The attrition prised out the prize wickets of Matthews and Taylor; Matthews to a classic off-spinners dismissal from Deepti Sharma, and Taylor falling to a direct hit from Mandhana from short third-man. At one point, Windies were 91 for 6 in the 35th over. So dominant were the spinners, that pace reappeared for only one more over in the innings.

Windies never recovered from their wounded start, and it took some enterprising batting from the lower order to give them something to bowl at. The seventh, eighth, and ninth wickets added more than half their score, with No.9 Afy Fletcher scoring a career best 36 off 23 balls.

Amongst the spinners, Deepti Sharma and Poonam Yadav were stand outs, both claiming two wickets. Deepti caught the eye for her valiance in giving the ball loop even against the well set Matthews. The wicket responded to her revolutions, the temporary moisture giving her proportionate turn. She almost showed the fast bowlers how to bowl on a wicket with some moisture, drawing the batters forward and inciting the on-the-up drive. That was precisely how she removed Matthews, when she drew the aerial shot and then held on to it in her follow through.

Poonam was used by Raj primarily as an anti big-shot weapon. Her leg-spinners looped their way towards the batters like the Tone river next door, and just as slowly. The pace off the ball formula was the perfect antidote to Deandra Dottin, who after Matthews and Taylor was the Windies’ last hope.
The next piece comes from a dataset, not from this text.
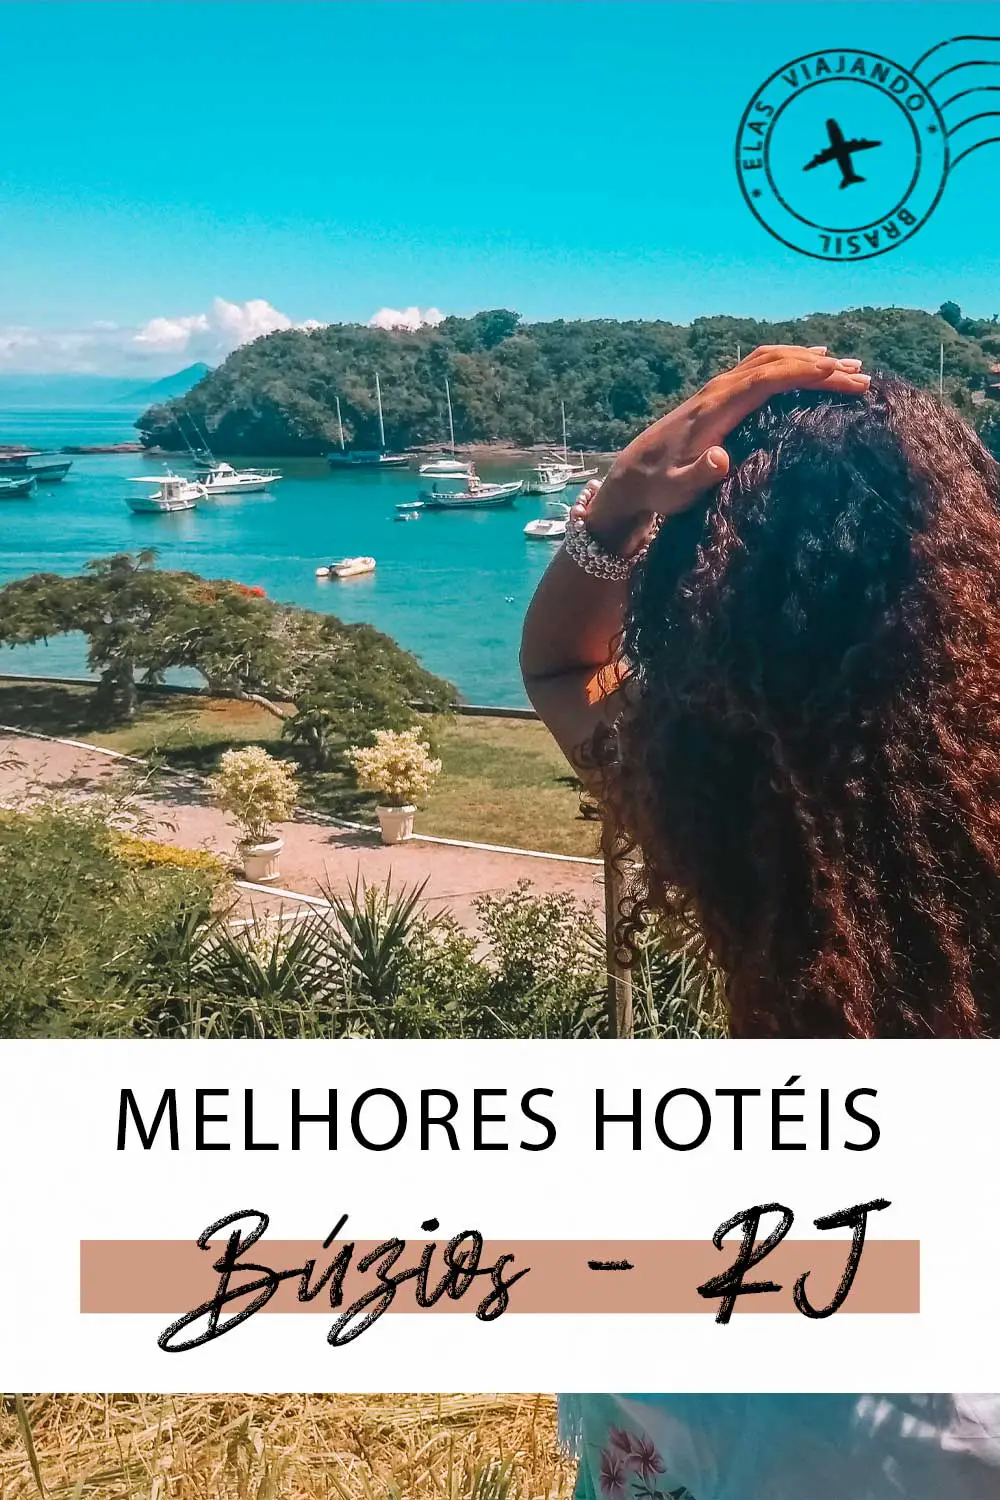 Melhores hotéis em Búzios no Rio de Janeiro

Dottin has the fastest T20 century in the women’s game to her credit, but has also a 48 % dismissal rate against spin. She faced 23 balls against Poonam, but scored only three runs. She was finally dismissed for a tortuous 7 off 44, deservedly by the legspinner.

While on paper it seemed like a dominant performance by India, there were concerns once again in the fielding department. At the back end of the Windies innings, India dropped three catches. Two of which were put down by Bisht, usually an excellent fielder. While the spinners shook off the effects of the cold, it seemed to affect the fielders. India have now dropped six catches across their two games. While they have executed five run outs – three of them from direct hits –  the catching must improve if India are to mount a serious challenge for the title.

“We definitely believe that we will be contenders if we click in all three departments,” Mandhana said. That is a big if, but for now  India can be happy with another step towards the semi finals.